Mountain regions worldwide present a pronounced spatiotemporal precipitation variability, which added to scarce monitoring networks limits our understanding of the generation processes involved. To improve our understanding of clouds and precipitation dynamics and cross-scale generation processes in mountain regions, we analyzed spatiotemporal rainfall patterns using satellite cloud products (SCP) in the Paute basin (900–4200 m a.s.l. and 6481 km2) in the Andes of Ecuador. Precipitation models, using SCP and GIS data, reveal the spatial extension of three regimes: a three-modal (TM) regime present across the basin, a bimodal (BM) regime, along sheltered valleys, and a unimodal (UM) regime at windward slopes of the eastern cordillera. Subsequently, the spatiotemporal analysis using synoptic information shows that the dry season of the BM regime during boreal summer is caused by strong subsidence inhibiting convective clouds formation.
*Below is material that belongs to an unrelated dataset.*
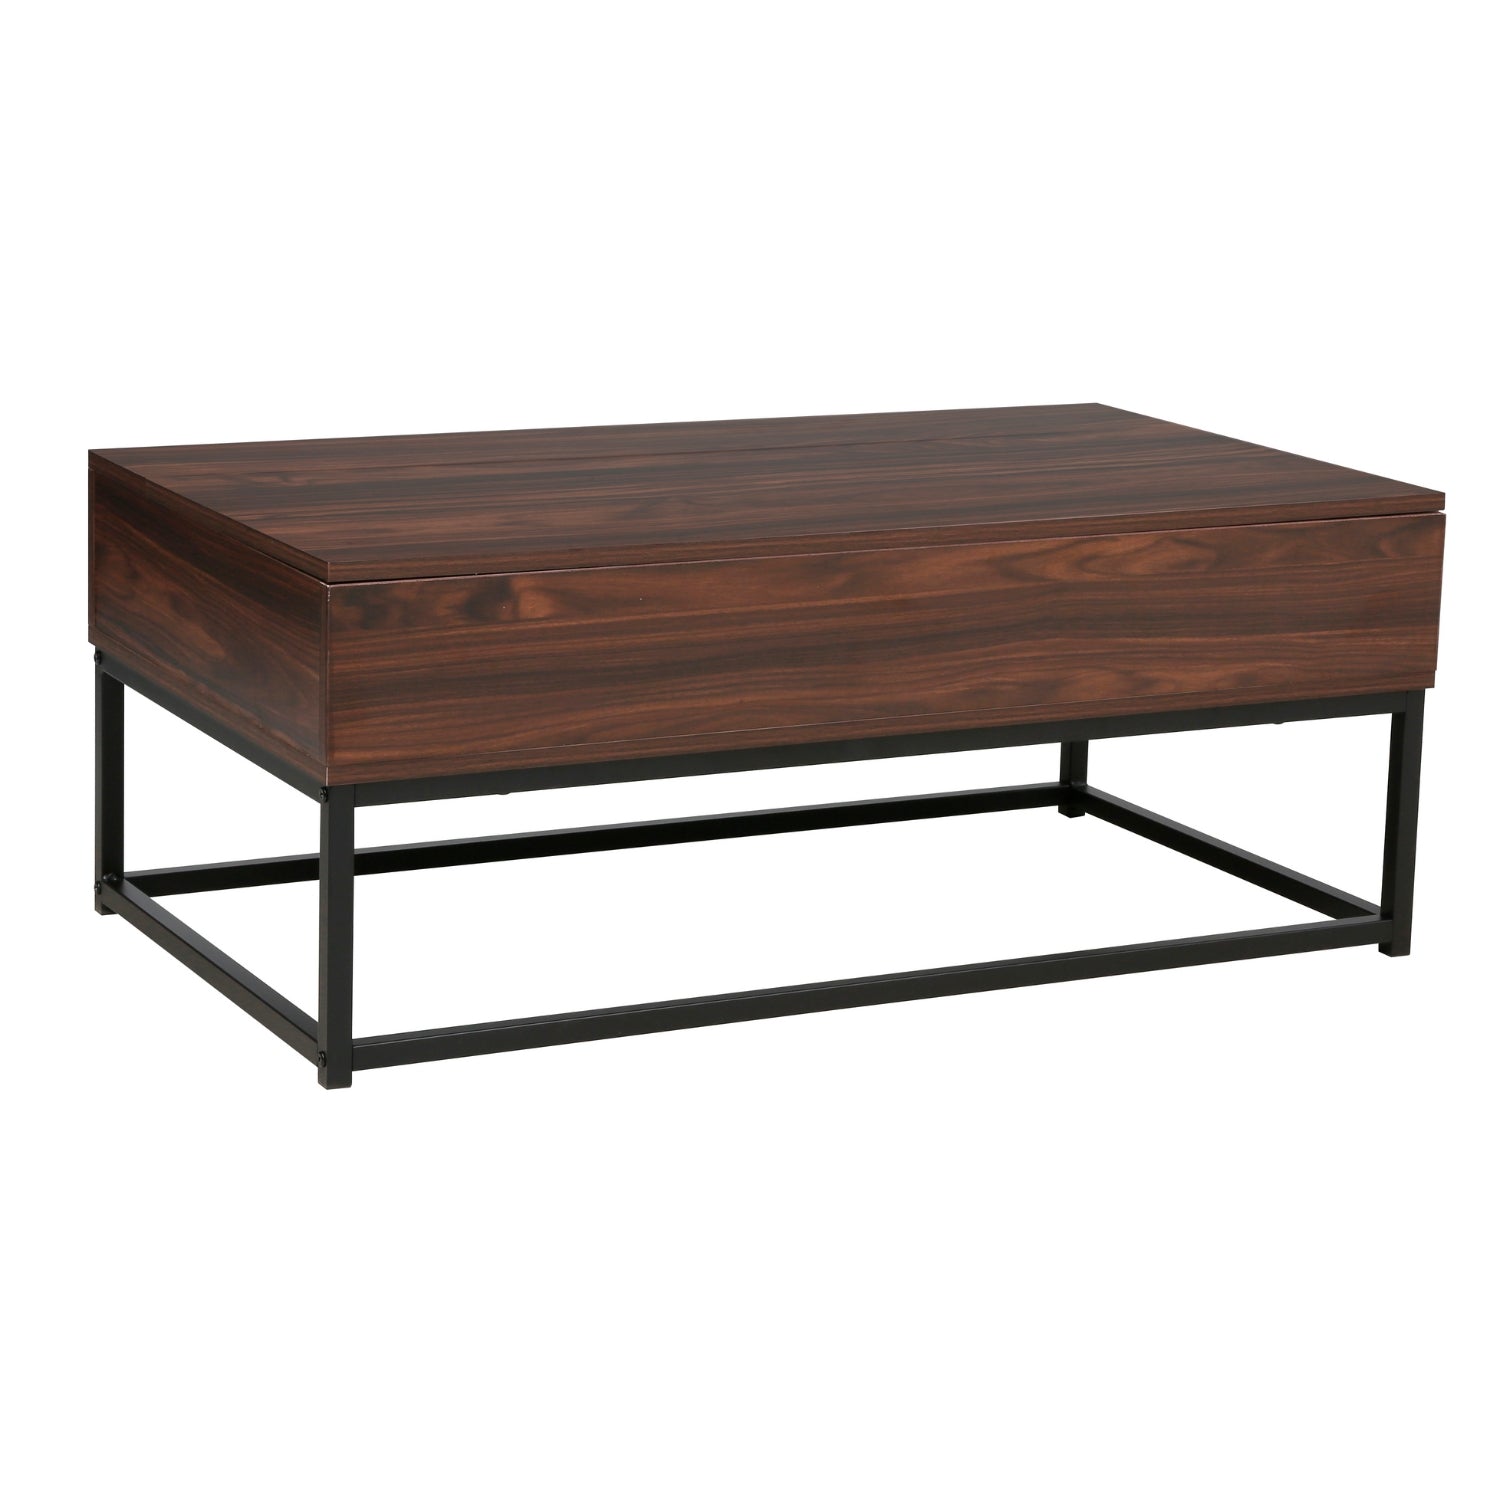 Sleek coffee table with black metal frame and wooden top.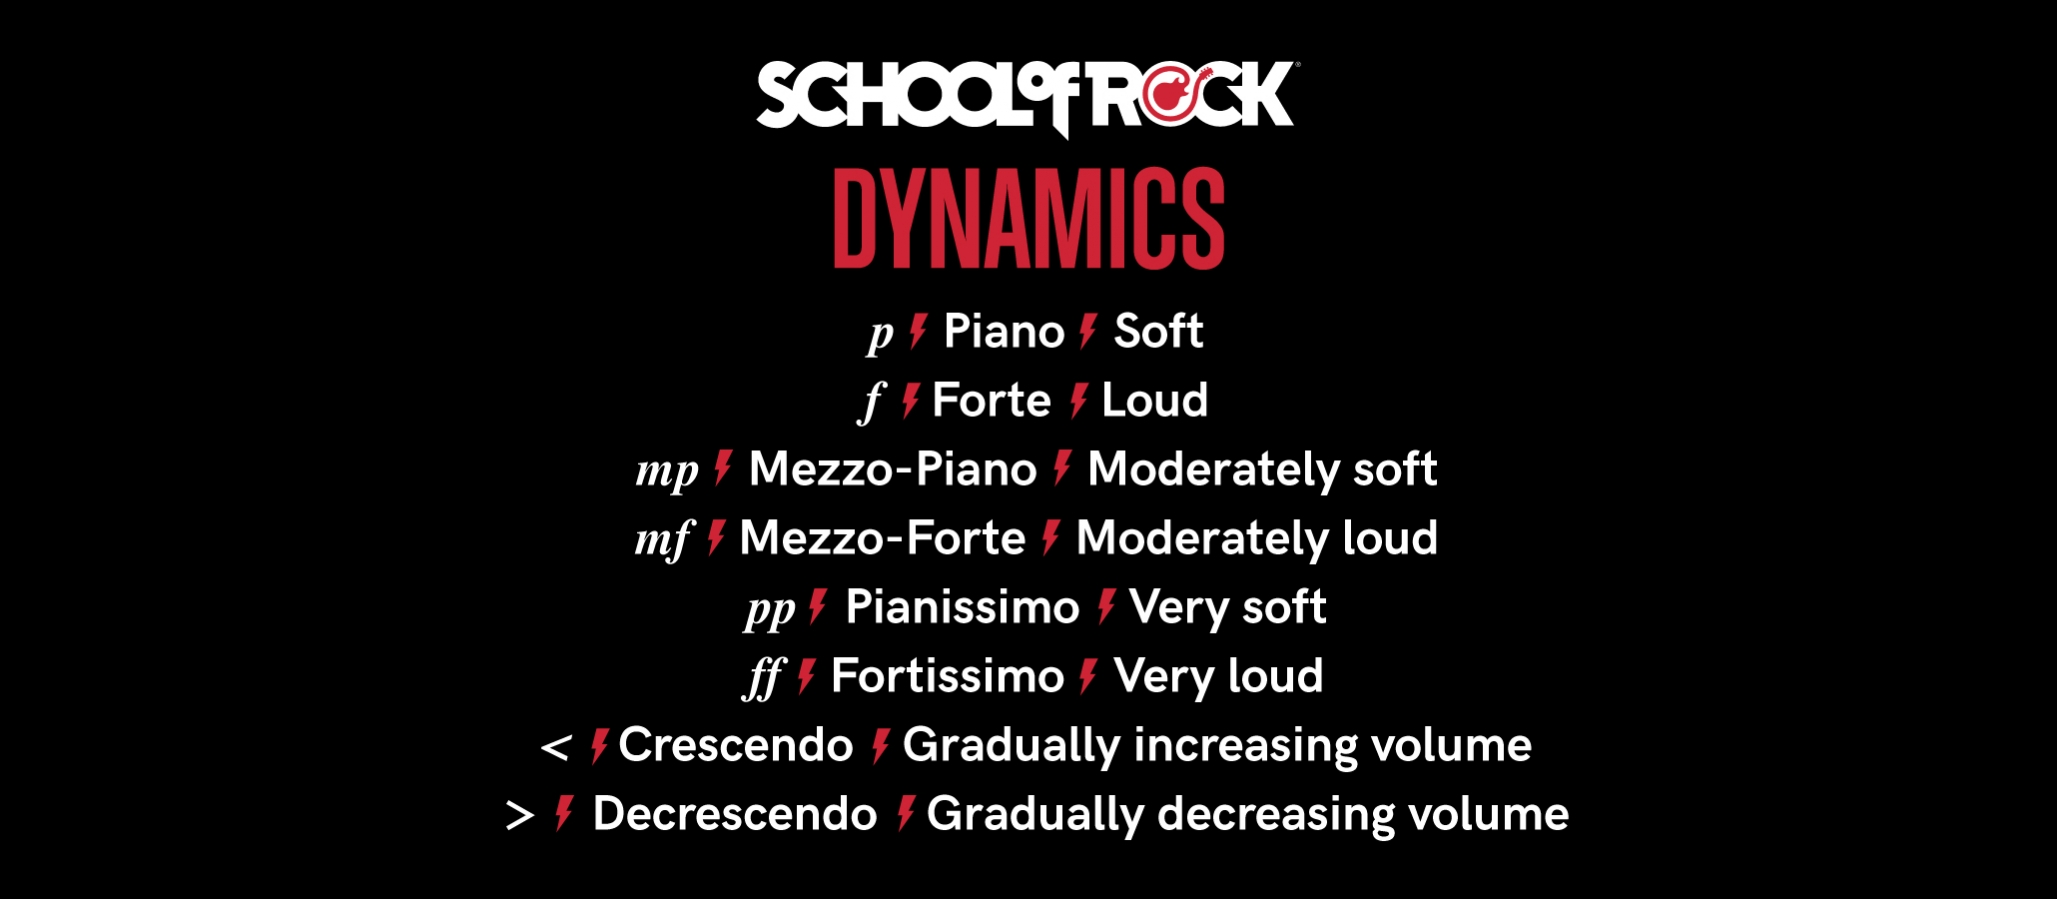 Infographic of dynamics

Meanwhile, in UM regions, low advective shallow cap clouds mainly cause precipitation, influenced by water vapor from the Amazon and enhanced easterlies during boreal summer. TM regions are transition zones from UM to BM and zones on the windward slopes of the western cordillera. These results highlight the suitability of satellite and GIS data-driven statistical models to study spatiotemporal rainfall seasonality and generation processes in complex terrain, as the Andes.